> **PROBLEM DETAILS**: Without the pictures, write the listing below out again, line for line.

> **SUPPLIED DATA**:
· · · · ·

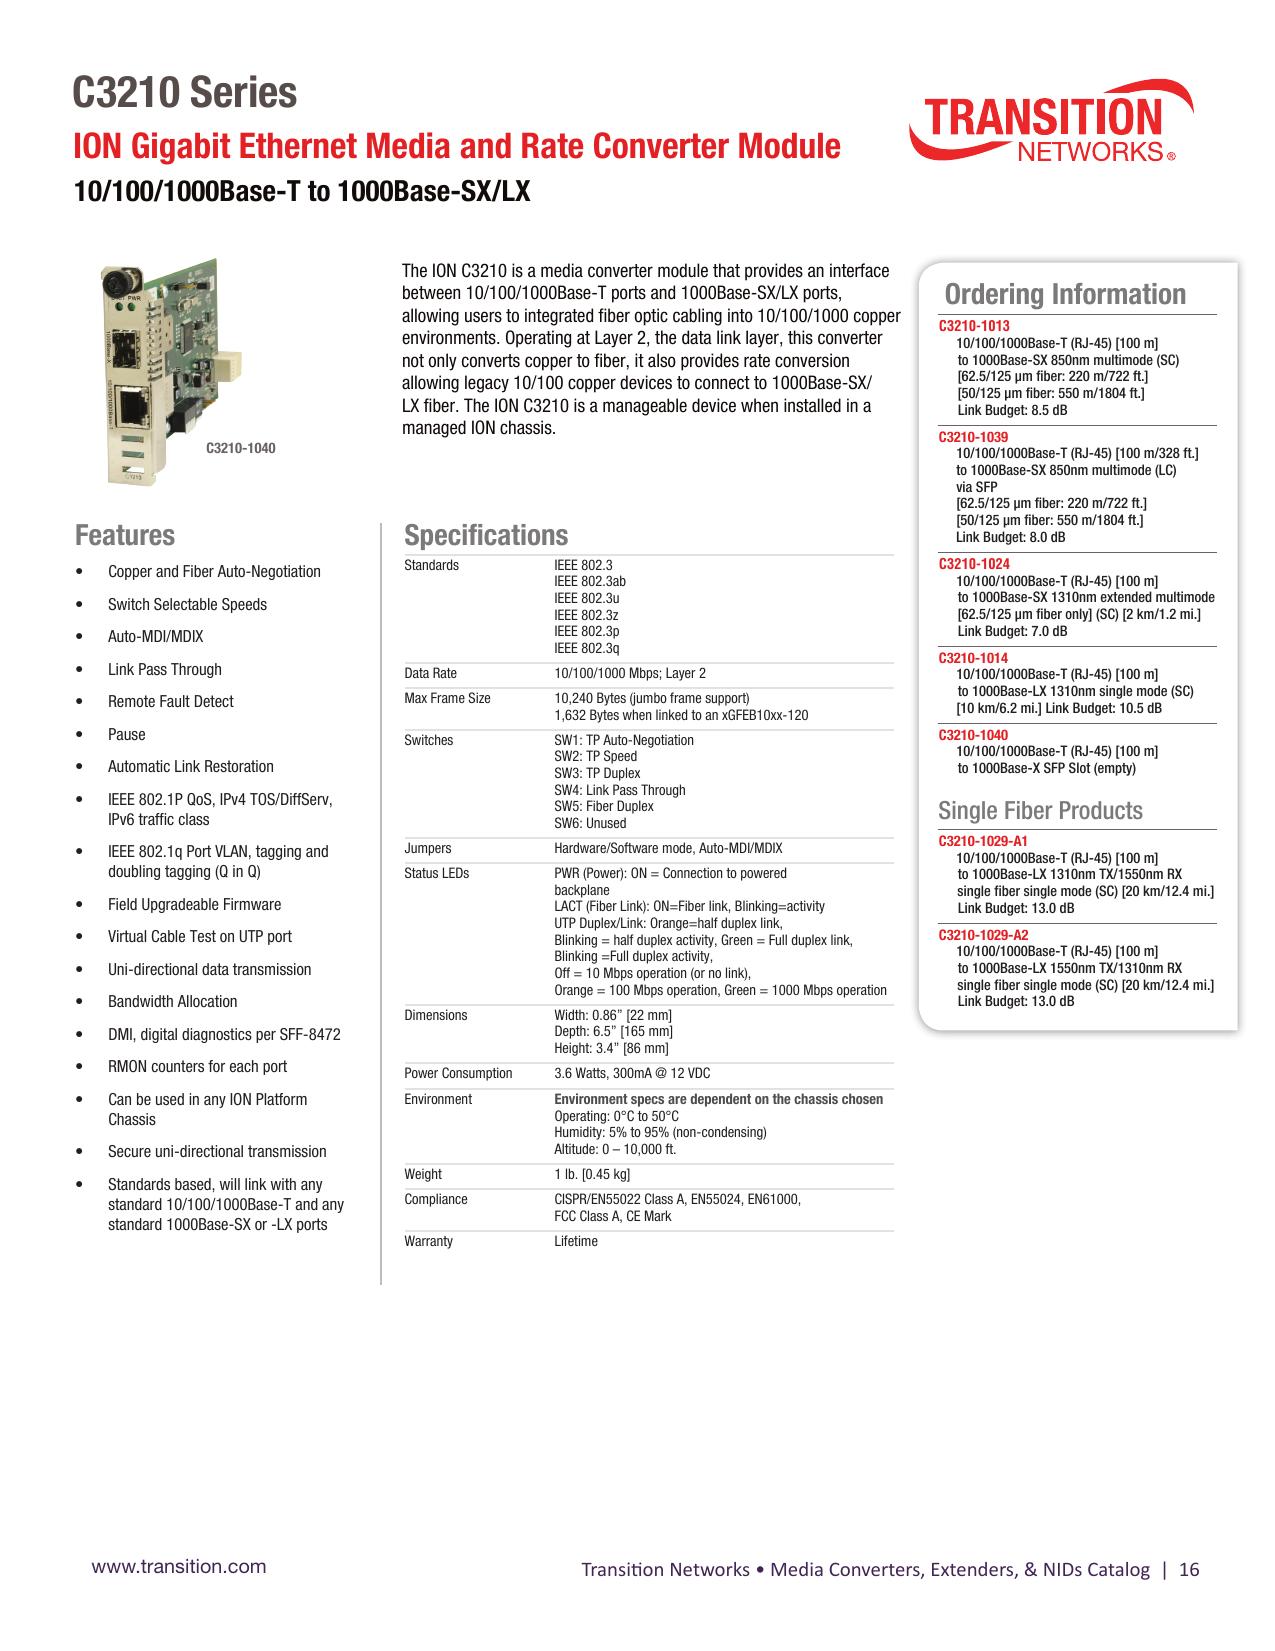 C3210 Series - Transition Networks | manualzz com
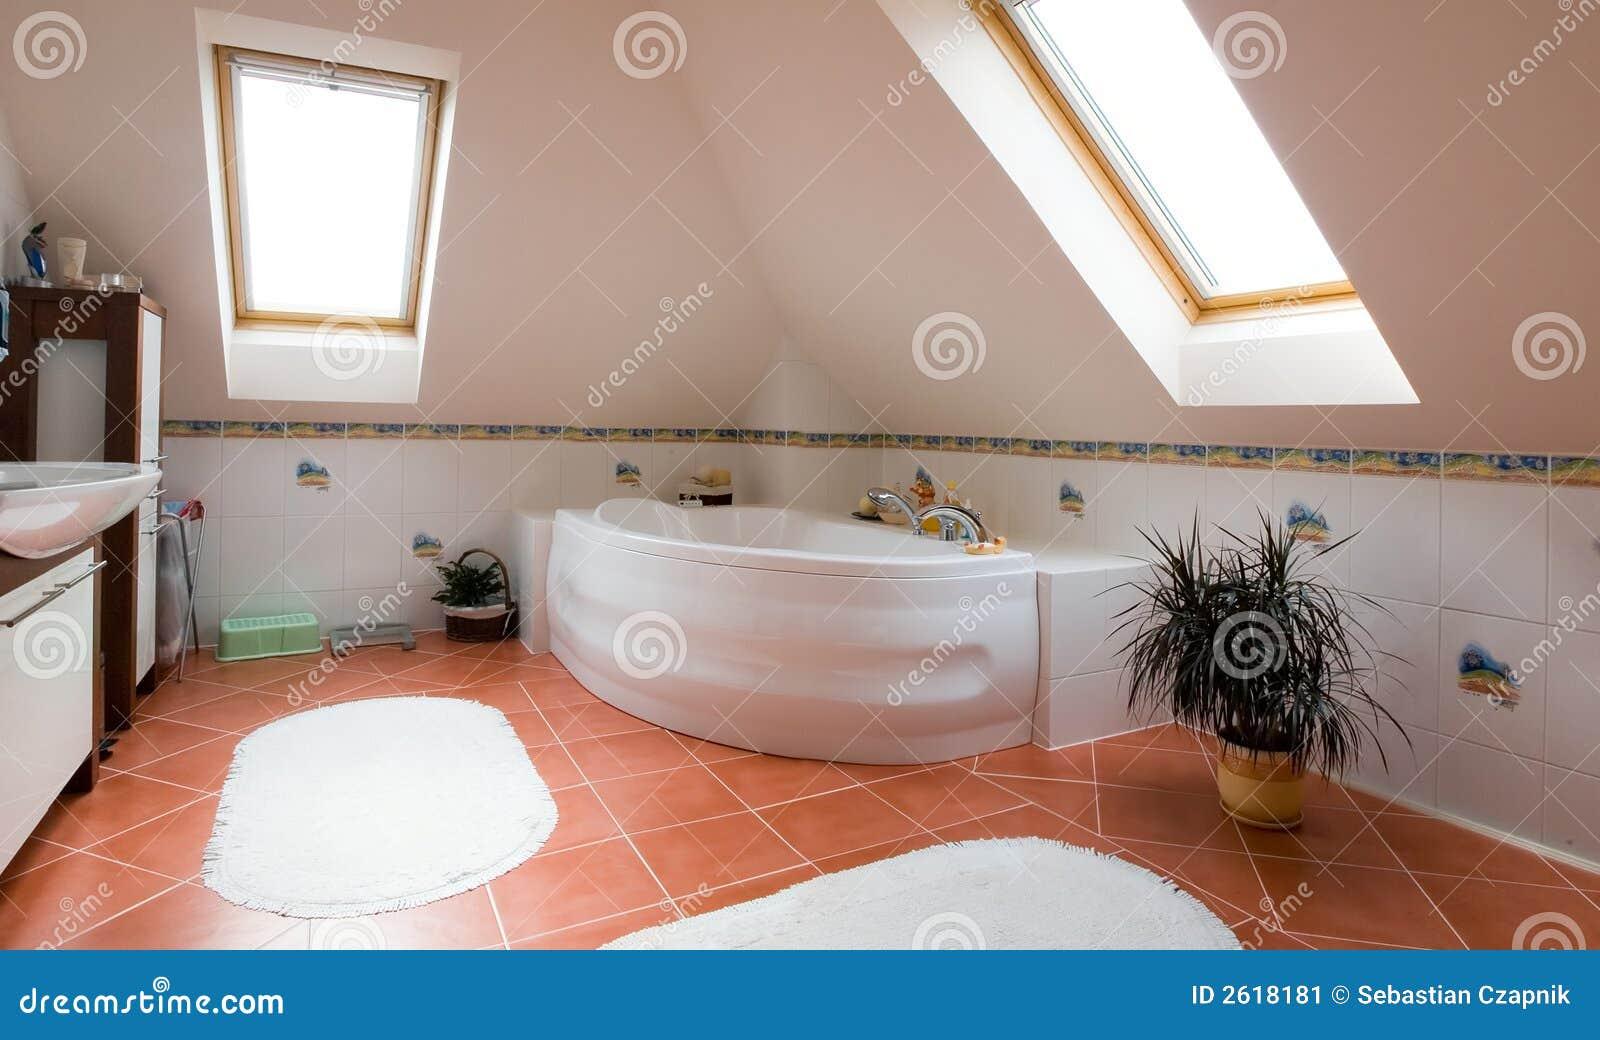 Panorama moderno del cuarto de baño
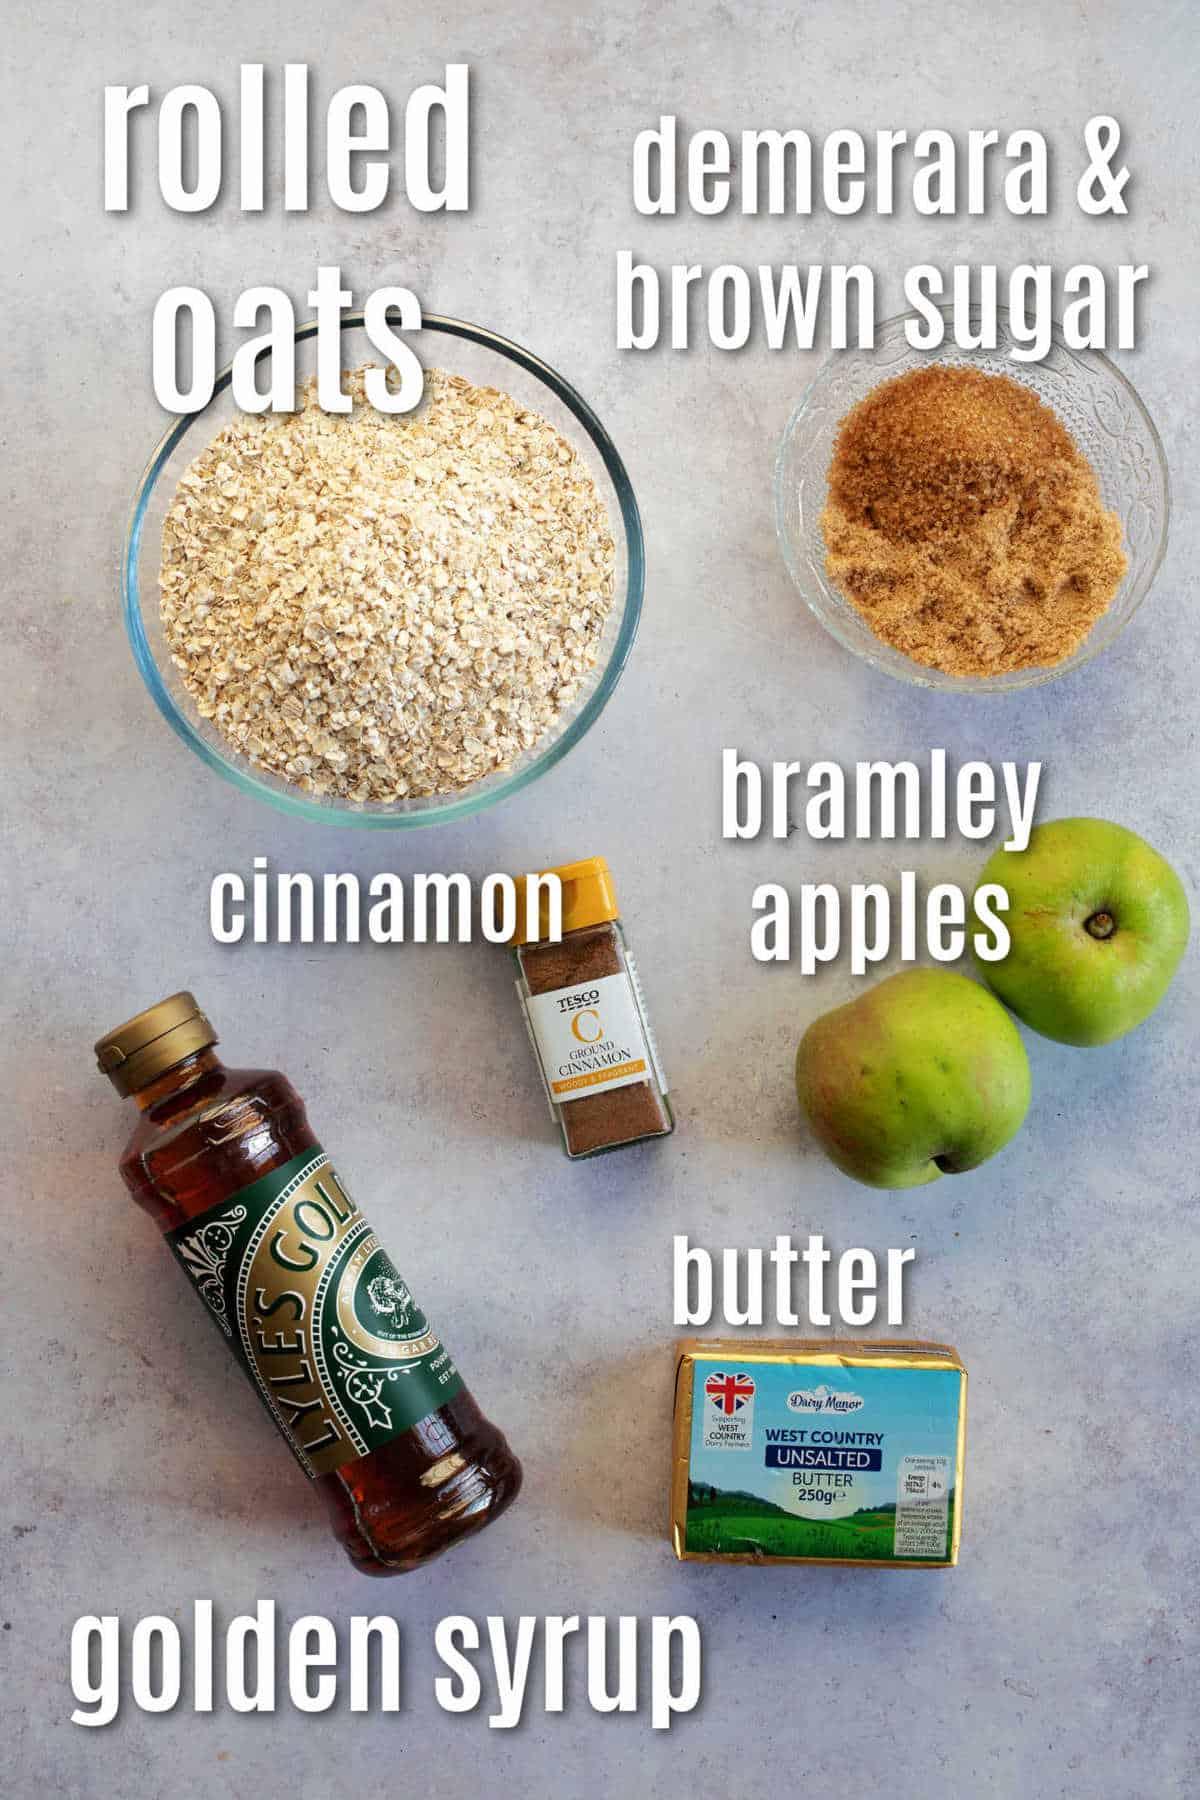 Ingredients for apple crumble flapjacks.

· · · · ·

> **THE ANSWER**:
 C3210 Series - Transition Networks | manualzz com
 Panorama moderno del cuarto de baño
 Ingredients for apple crumble flapjacks.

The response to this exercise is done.